Москва испугалась, с одной стороны, стрелецкого бунта, а с другой — была уверена, что боярские дети и люди отомстят в день новолетия стрельцам за беспорядок на крестном ходу. Таким образом, с обоих сторон было пусто, а Хованский, не получавший точных сведений о настроении стрельцов и народа, был уверен, что он останется совсем без союзников.

О малолетних царях он получал довольно верные сведения. Они, благоверные, изволили путешествовать. Из села Коломенского оба царя отъехали в Воробьево, из Воробьева — в Павловское, затем — в Саввин-Сторожевский монастырь, где праздновать изволили память чудотворца Саввы. Затем они вернулись в Павловское, а из него проехали в Хлябово, а из Хлябова — в село Воздвиженское, где и были четырнадцатого сентября, дабы отпраздновать здесь престольный праздник.

Ездили-то цари не совсем просто. Не Бог весть какие они села объезжали, а массу народу собрал их поезд. Напрасно сказал поэт, что "живая власть для черни ненавистна". Во время этого путешествия царей, из которых один был недоумок, а другой — малолеток, около них собралась такая масса всякого народа, какая и в Москве не всегда собиралась.

Софья ездила с братьями и ловко придумала.

Прибыл с Украины гетманыч Семен и ради него царевна-правительница стала рассылать всем боярам, окольничьим, думным людям, стольничьим, стряпчим, дворянам московским и жильцам указы о походе из Москвы в Воздвиженское, всем было приказано съехаться непременно к 18 сентября. В этот день назначился большой прием гетманыча великими государями, а так как в канун этого дня были именины царевны-правительницы, то еще шестнадцатого сентября масса московской знати переполнила Воздвиженское. Тут были не только придворные люди, но и множество простых стрельцов, пожелавших воспользоваться именинным днем, чтобы заявить о своем раскаянии принести повинную царевне.

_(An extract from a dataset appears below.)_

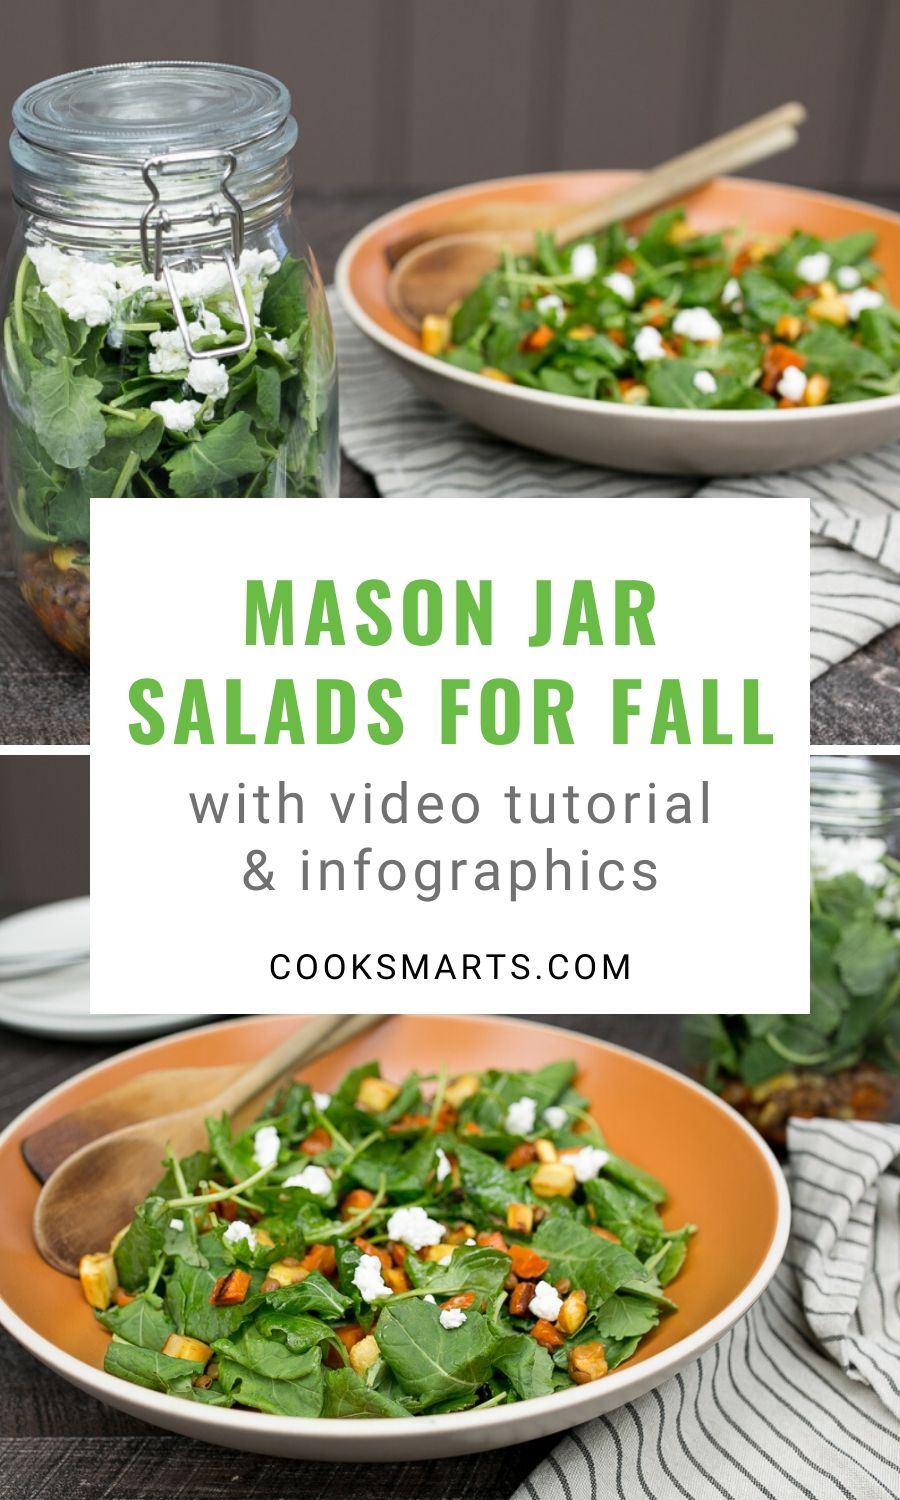 How to Make a Fall Mason Jar Salad | Cook Smarts

Князь Иван Андреевич Хованский видел, что вся его затея рушилась, но для вида все еще держал голову высоко. Он оказался в полном одиночестве; около него ютился еще сын его, Андрей, прекрасно понимавший, что его судьба связана ое условно с судьбою отца. Второй сын, Иван, словно не замечая, что происходит, пьянствовал и беспутствовал со стрельцами, как прежде.

Нельзя сказать, чтобы князь Иван Андреевич казался забитым или униженным; напротив того, он держался совсем гоголем, отдавал распоряжения, как будто ничего не произошло в Москве, и не показывал вида, что число преданных людей вокруг него с каждым днем все таяло и таяло. Должно быть, он все еще питал надежду, и эта надежда прочно сидела в нем, хотя бы потому, что он видел, что и князь Василий Васильевич Голицын все еще остается в Москве и даже не делает никаких сборов к отъезду.

— Обнесли нас пред царевной-то, — лицемерно вздыхал он в беседах с сыном, — уж если она своего… милого дружка к себе не требует, так, значит, ничего она не задумывает, и все пойдет на Москве по-старому.

Однако, семнадцатое сентября сильно пугало Тараруя. Он уже прознал, что на день своих именин царевна назначила в Воздвиженском "большое сидение", то есть совет по каким-то государственным делам. Если бы она не призвала к этому сиденью и Хованских, то это значило бы, что они в великой опале, но этого не было. Особым гонцом правительница просила и князя Ивана, и князя Андрея прибыть к ней "на водку", то есть, другими словами, она приглашала их и на созываемый ею совет.

Тараруй был в восторге от этого приглашения и, нимало не медля, собрался в Воздвиженское.

 

XXIX

ЛЮБОВЬ И ТРОН

Князь Василий Васильевич Голицын тоже получил приглашение прибыть в Воздвиженское на именины царевны, но оно было далеко не таково, как приглашение Тараруя.

Царевна-правительница уже чувствовала и ясно видела, что она в состоянии исполнить те обещания, которые несколько хвастливо были даны ею князю Василию при ночном свидании в беседке, и написала ему очень нежное приглашение.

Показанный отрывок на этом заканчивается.